»»

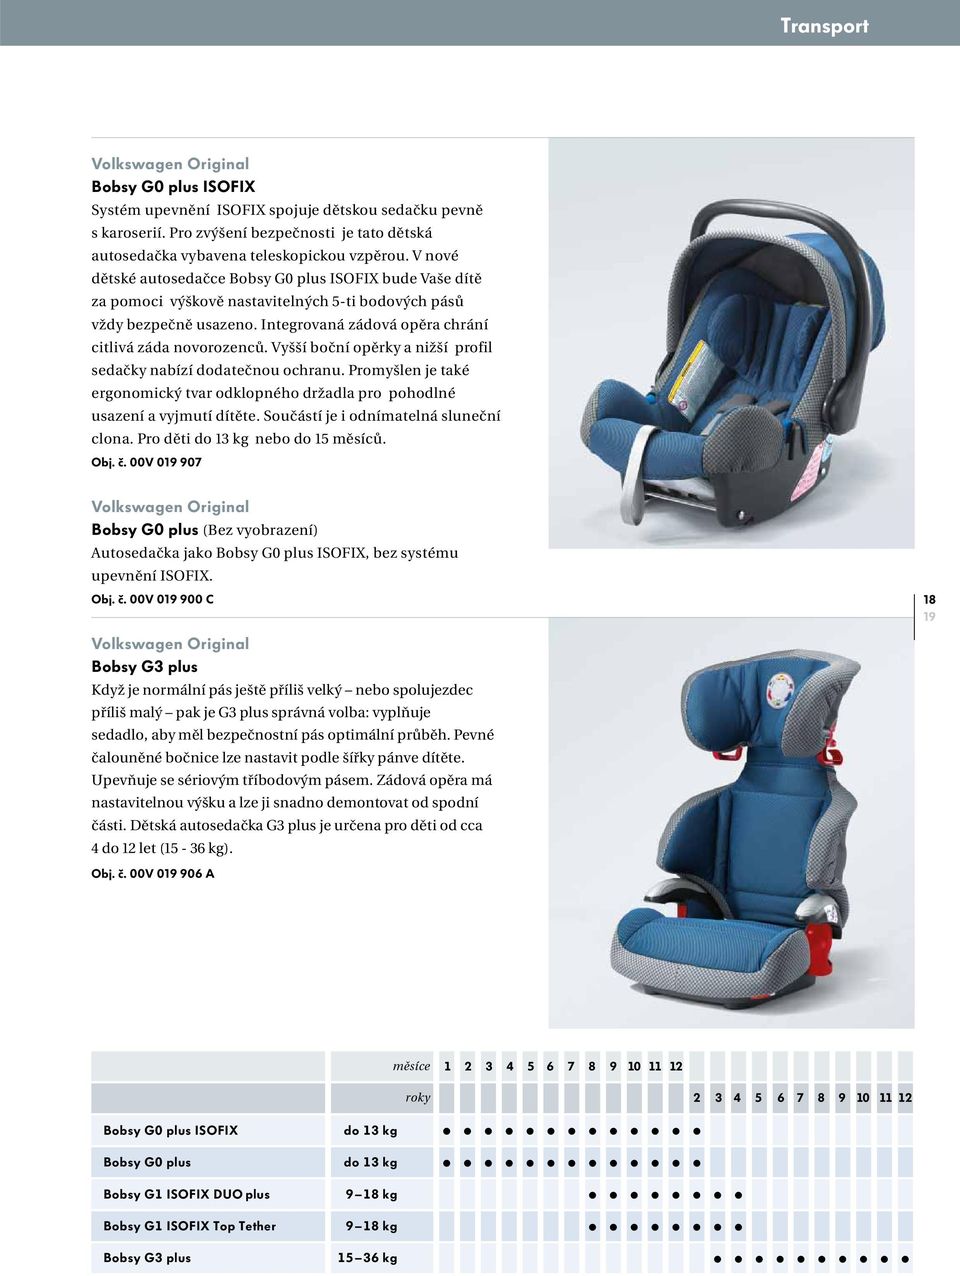 Vyšší boční opěrky a nižší profil sedačky nabízí dodatečnou ochranu. Promyšlen je také ergonomický tvar odklopného držadla pro pohodlné usazení a vyjmutí dítěte.
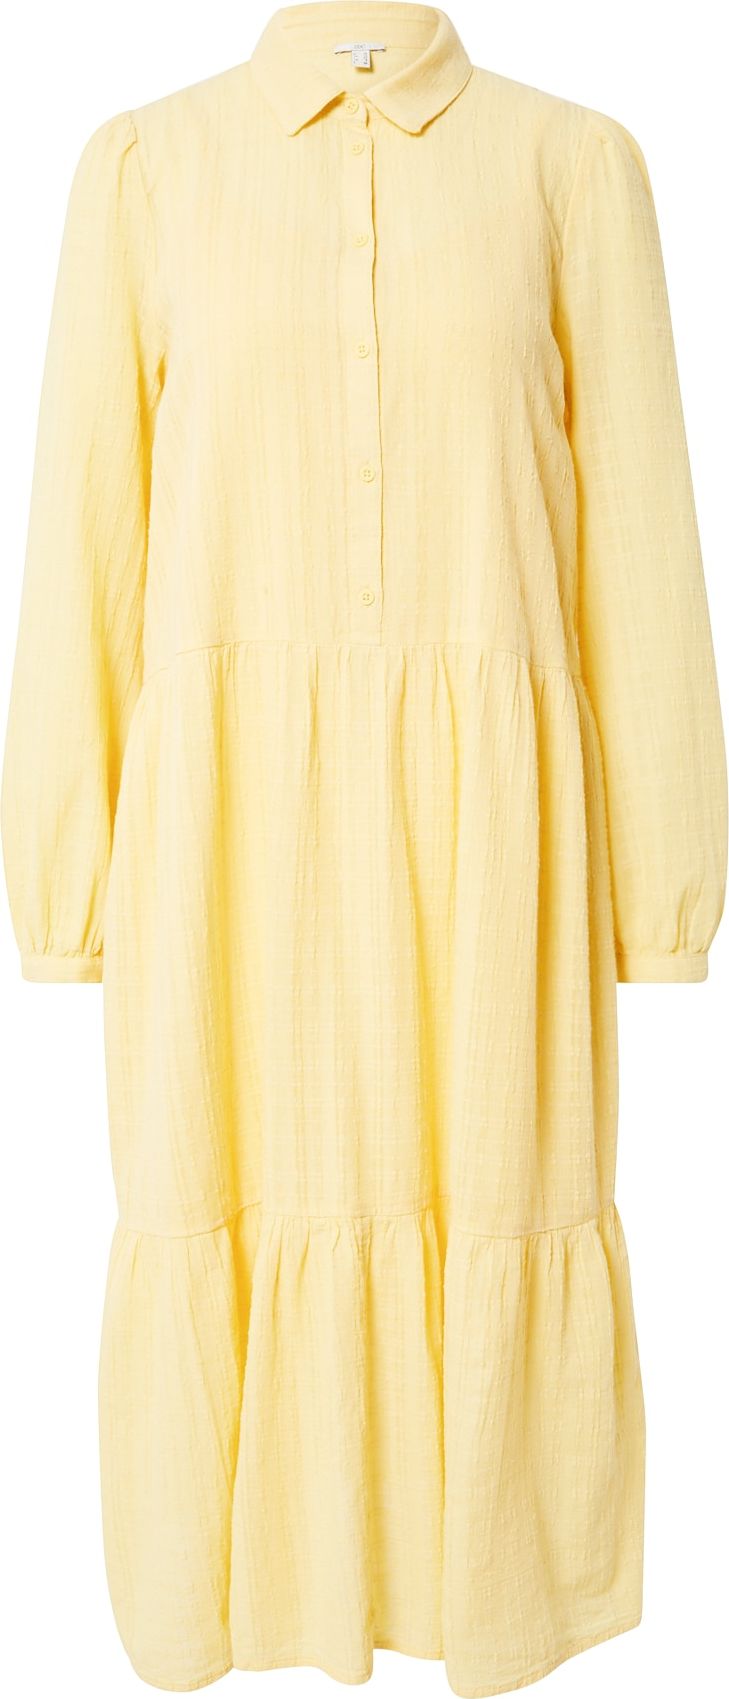 ESPRIT Košilové šaty světle žlutá
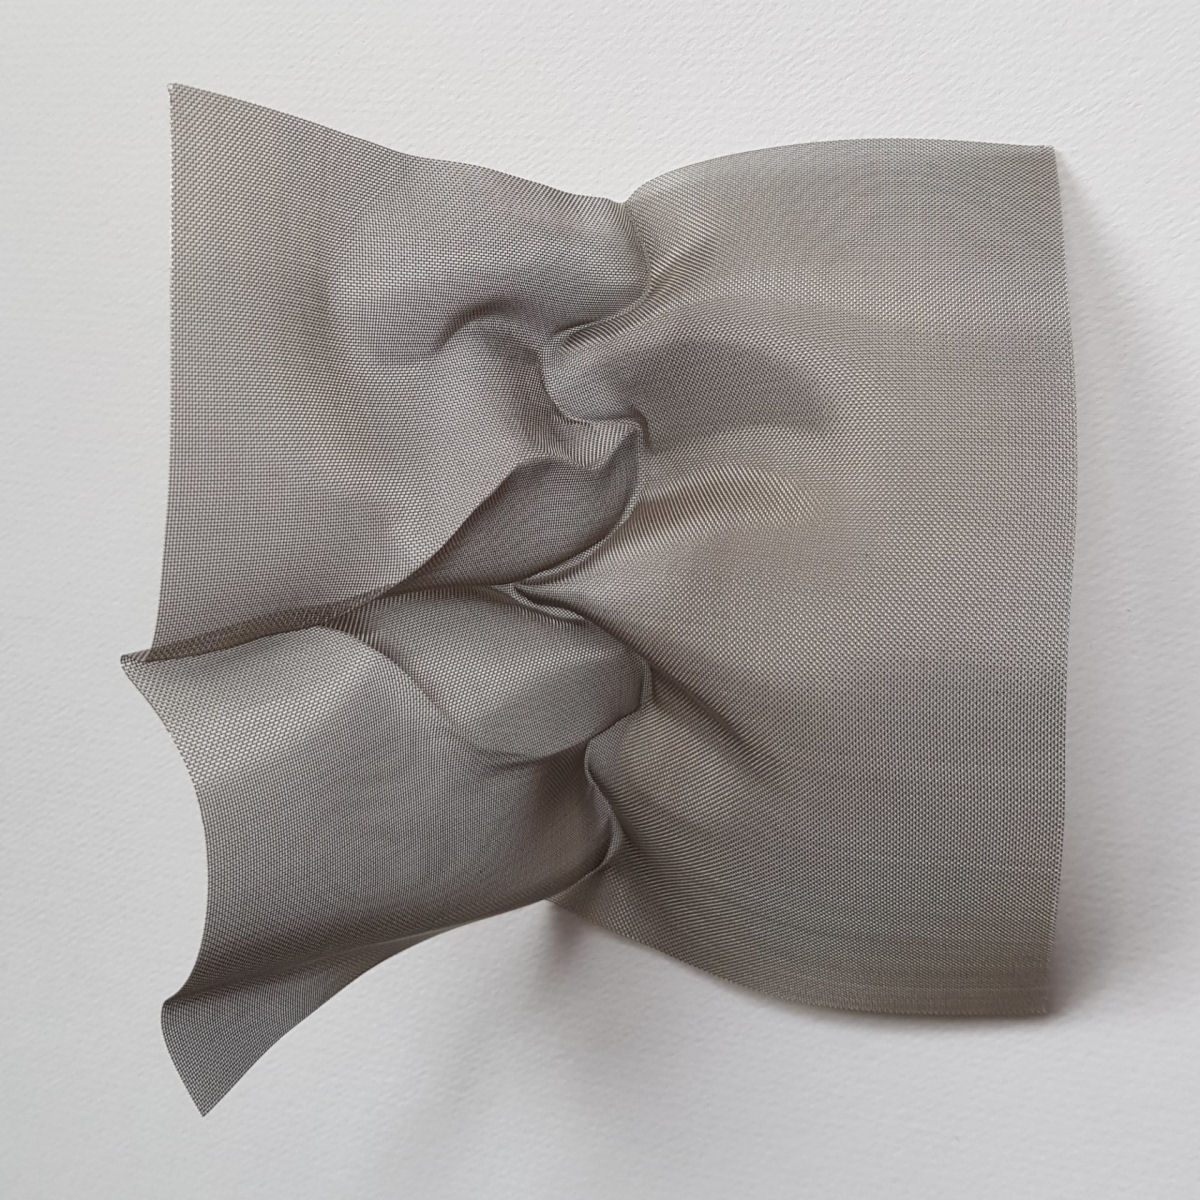 Esculturas sensuais em simples folhas de papel sugerem momentos de intimidade 08

««

▶ _Action item_
In transcribing the lines above, omit the images and keep all else exact.

▶ _Answer box_
 Vyšší boční opěrky a nižší profil sedačky nabízí dodatečnou ochranu. Promyšlen je také ergonomický tvar odklopného držadla pro pohodlné usazení a vyjmutí dítěte.
 ESPRIT Košilové šaty světle žlutá
 Esculturas sensuais em simples folhas de papel sugerem momentos de intimidade 08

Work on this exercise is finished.